» **WORK ITEM**: Please copy the leading lines of the entries below exactly, concluding with the line in which "New Look At" occurs.
--- DATA FOR THIS TASK Enclosed Below ---
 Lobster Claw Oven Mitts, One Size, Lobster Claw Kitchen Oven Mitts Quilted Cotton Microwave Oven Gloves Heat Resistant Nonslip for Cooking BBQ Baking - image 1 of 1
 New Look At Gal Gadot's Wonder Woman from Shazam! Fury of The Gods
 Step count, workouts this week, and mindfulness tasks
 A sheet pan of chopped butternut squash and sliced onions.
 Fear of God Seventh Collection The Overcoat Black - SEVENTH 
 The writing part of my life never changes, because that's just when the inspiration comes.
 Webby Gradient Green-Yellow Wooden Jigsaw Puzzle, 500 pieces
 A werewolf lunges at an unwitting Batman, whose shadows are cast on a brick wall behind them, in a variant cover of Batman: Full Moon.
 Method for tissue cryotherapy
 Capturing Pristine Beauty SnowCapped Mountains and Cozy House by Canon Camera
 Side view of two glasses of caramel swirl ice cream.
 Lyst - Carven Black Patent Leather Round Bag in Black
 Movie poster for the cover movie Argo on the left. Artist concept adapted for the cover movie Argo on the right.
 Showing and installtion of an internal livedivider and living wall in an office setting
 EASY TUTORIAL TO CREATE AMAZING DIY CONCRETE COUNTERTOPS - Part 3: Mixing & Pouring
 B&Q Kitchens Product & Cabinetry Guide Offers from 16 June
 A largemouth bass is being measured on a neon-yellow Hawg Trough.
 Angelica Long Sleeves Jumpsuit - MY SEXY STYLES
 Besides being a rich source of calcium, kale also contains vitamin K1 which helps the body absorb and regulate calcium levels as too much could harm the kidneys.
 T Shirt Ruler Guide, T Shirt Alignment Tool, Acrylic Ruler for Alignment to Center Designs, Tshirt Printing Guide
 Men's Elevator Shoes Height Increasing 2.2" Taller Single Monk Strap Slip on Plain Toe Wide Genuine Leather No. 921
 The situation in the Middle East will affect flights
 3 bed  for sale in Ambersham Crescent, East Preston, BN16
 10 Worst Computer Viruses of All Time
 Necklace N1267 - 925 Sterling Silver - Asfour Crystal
--- End of Enclosed DATA FOR THIS TASK ---
» **RESPONSE BELOW**:
 Lobster Claw Oven Mitts, One Size, Lobster Claw Kitchen Oven Mitts Quilted Cotton Microwave Oven Gloves Heat Resistant Nonslip for Cooking BBQ Baking - image 1 of 1
 New Look At Gal Gadot's Wonder Woman from Shazam! Fury of The Gods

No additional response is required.